In coronavirus news, the great medical website STAT has a somber must-read titled "America's Window of Opportunity to Beat Back COVID-19 is Narrowing." Too bad it's not required reading for the incredibly selfish idiots in this country! Here's an excerpt:

"Ehresmann and others in public health are flummoxed by the phenomenon of people refusing to acknowledge the risk the virus poses.
'Just this idea of, ‘I just don’t want to believe it so therefore it’s not going to be true’ — honestly, I have not really dealt with that as it relates to disease before,' she said.
Buckee, the Harvard expert, wonders if the magical thinking that seems to have infected swaths of the country is due to the fact many of the people who have died were elderly. For many Americans, she said, the disease has not yet touched their lives — but the movement restrictions and other response measures have.
'I think if children were dying, this would be … a different situation, quite honestly,' she said.

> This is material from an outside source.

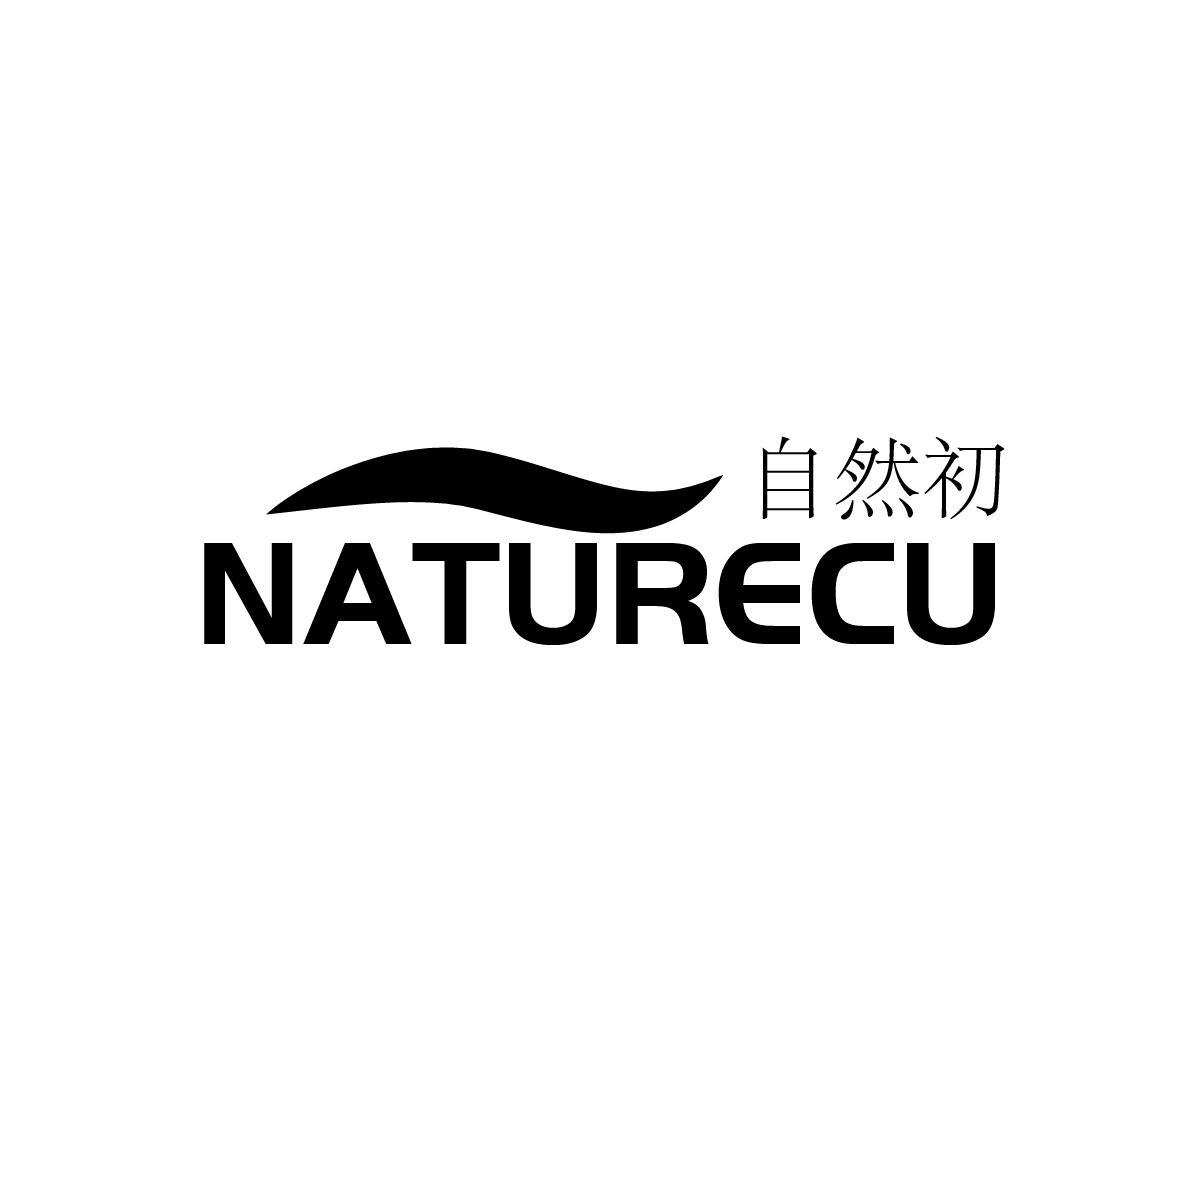 自然初NATURECU

Epidemiologist Michael Mina despairs that an important chance to wrestle the virus under control is being lost, as Americans ignore the realities of the pandemic in favor of trying to resume pre-Covid life.
'We just continue to squander every bit of opportunity we get with this epidemic to get it under control,'’ said Mina, an assistant professor in Harvard’s T.H. Chan School of Public Health and associate medical director of clinical microbiology at Boston’s Brigham and Women’s Hospital.
'The best time to squash a pandemic is when the environmental characteristics slow transmission. It’s your one opportunity in the year, really, to leverage that extra assistance and get transmission under control,' he said, his frustration audible.
Driving back transmission would require people to continue to make sacrifices, to accept the fact that life post-Covid cannot proceed as normal, not while so many people remain vulnerable to the virus. Instead, people are giddily throwing off the shackles of coronavirus suppression efforts, seemingly convinced that a few weeks of sacrifice during the spring was a one-time solution."